In the middle of all this madeness.

The paintings are authentic. They are as authentic as the exact same paintings on Earth.

They need me to die. So they've accelerated the process. Three minutes is all it takes to them.

The paintings are authentic.

The tools have lost. I was just an eye--and continued to be so.

I'm a camera.

What did I do to deserve to be the first? I was just beatin' on some bones, once upon a time.

Isn't it strange that most science fiction is about how evil scientists are?

12/30 Direct Link
*13th Fantasia

And then he returns to Earth, where he is hailed.

Or at least is more powerful than anyone else.

("Art, this is a little too ... Anglican* ... for me." "You change it, then." "No. I think I'll just accept it for what it is.")

The tools can be set down. The tools were a means to an end. It was just that damn monolith all the time. The monolith used us as its tools.

And now, what?

The monolith has taken over completely. We've been used, utterly used by that damn black thing!

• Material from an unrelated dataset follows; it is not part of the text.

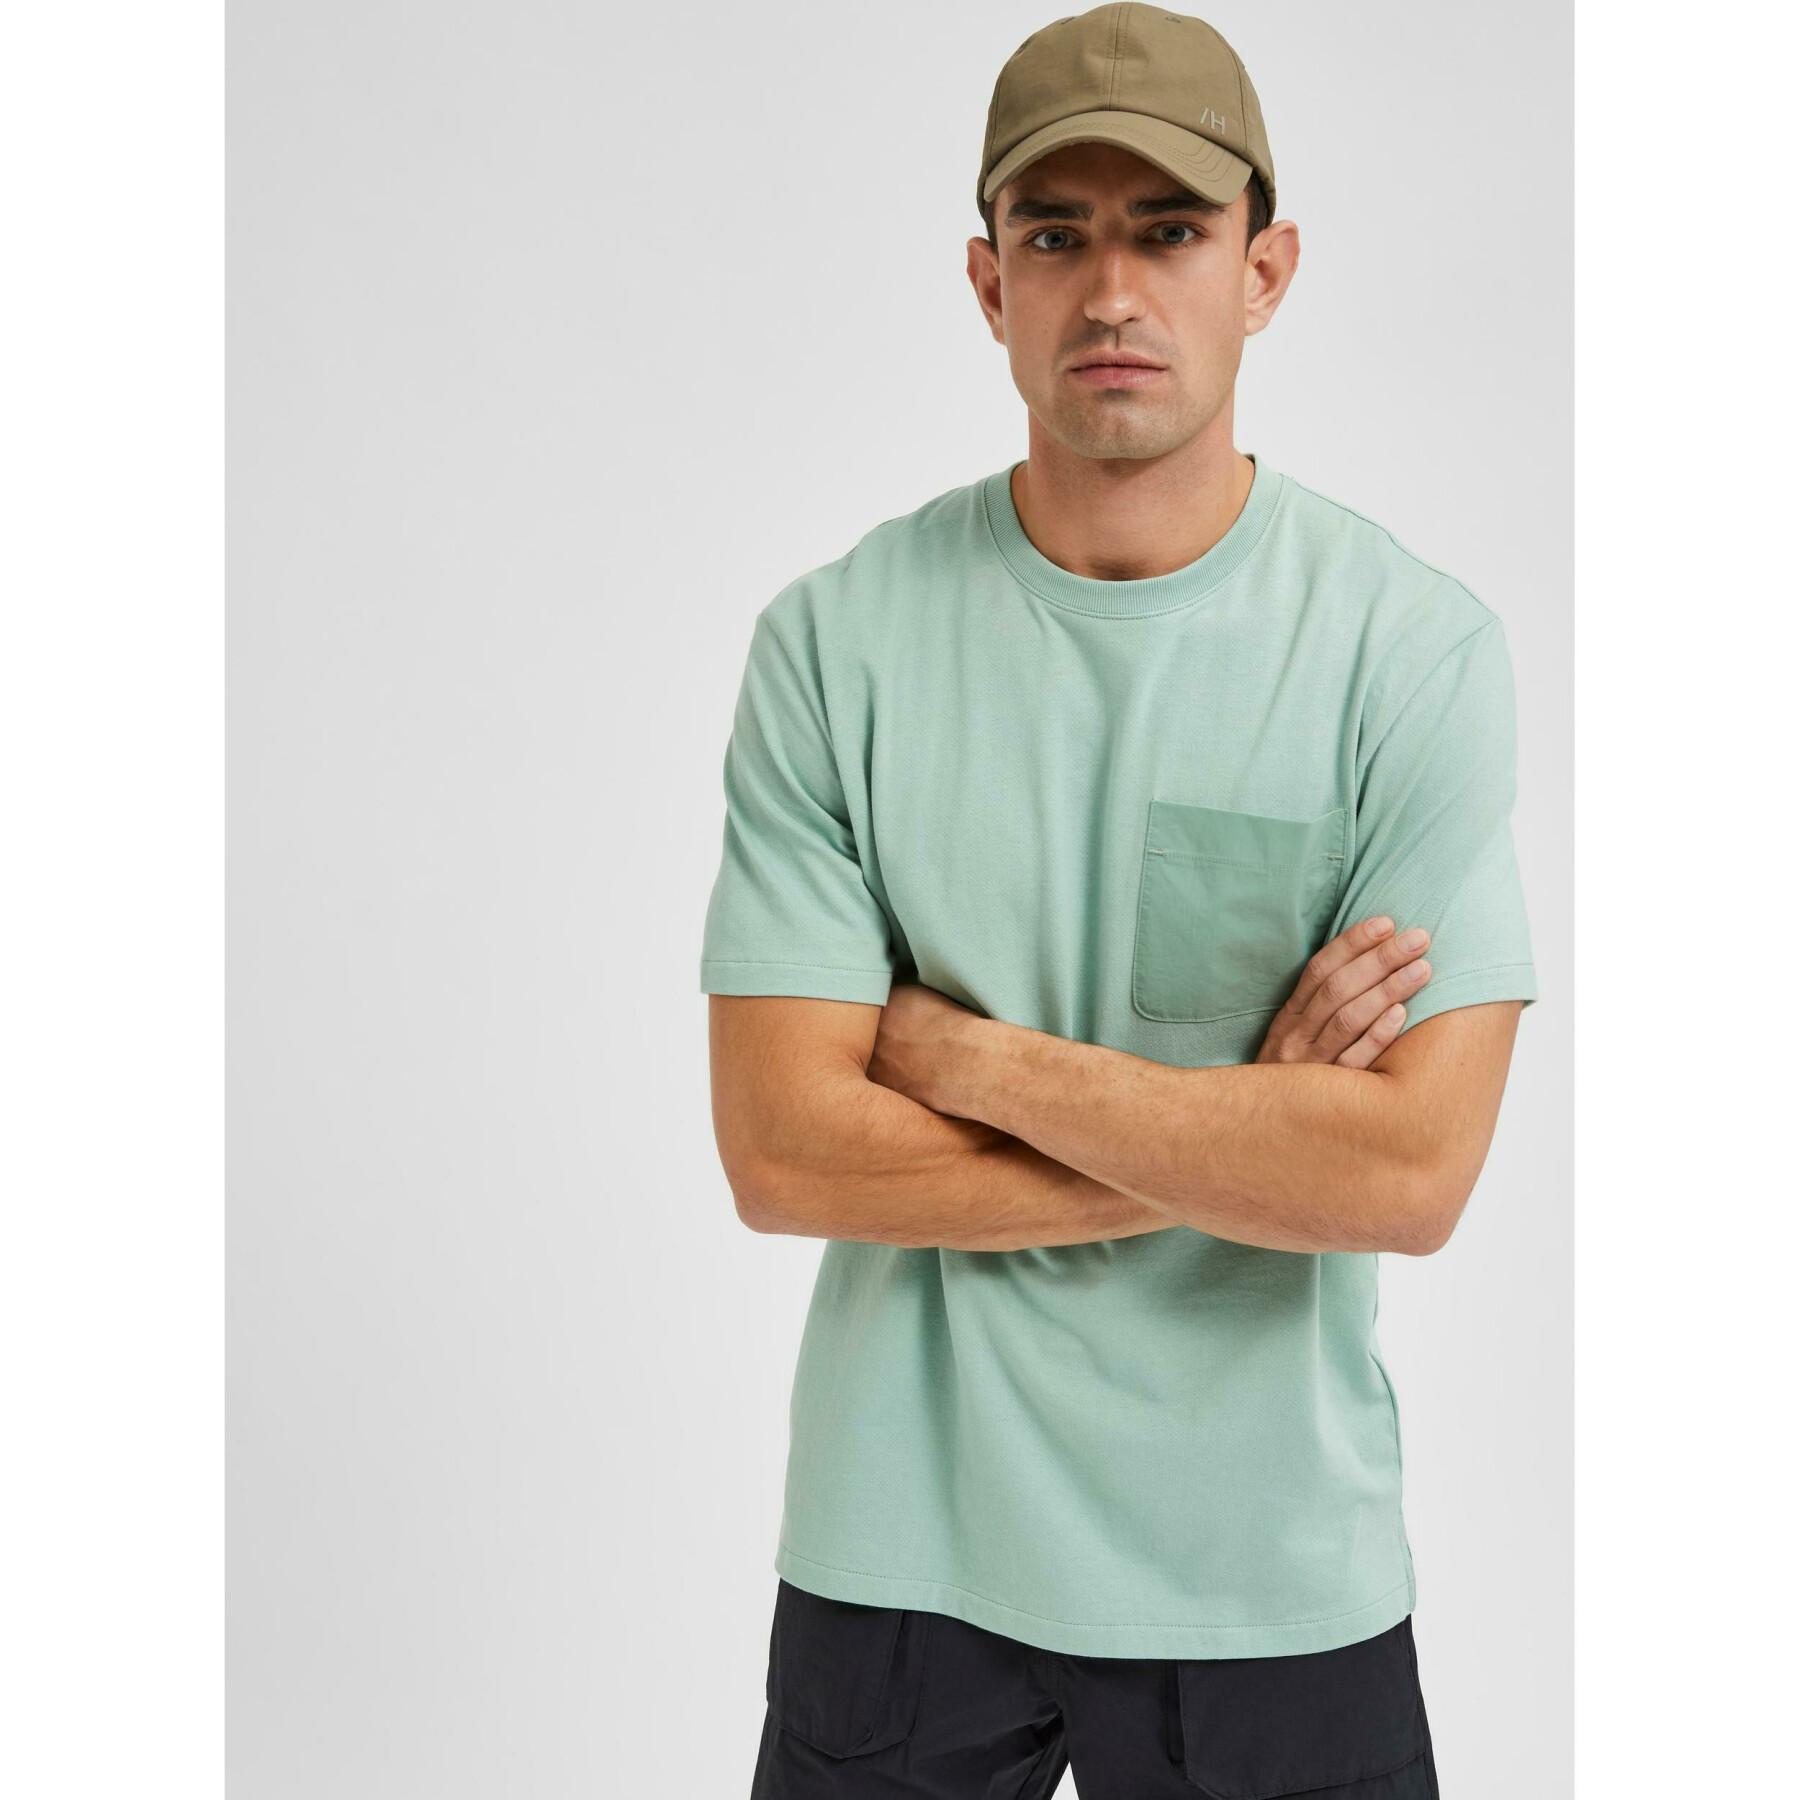 Camiseta Collar-o Selected Slhrelaxarvid

We're just someone's tool.

12/31 Direct Link
*1st Fantasia

-Hey, just say a wild movie. A wild Christian movie.
-Really?
-Yeah! 2001: A Space Odyssey!
-Christian? Guu-huh?
-Yeah, wild! The son returns in the end.
-But, it's about aliens.
-Do you actually believe aliens could have snuck into ape-land and planted a monolith overnight?
-Well, maybe they had good help.
-Naw. The idea of aliens is just a stand-in for good ol' God.
-And God was on the moon?
-Sure. Because of the tool HAL, God stuck a monolith on the moon then.*
-So, the scientists are wrong?
-Of course they're wrong! Otherwise they wouldn't be scientists!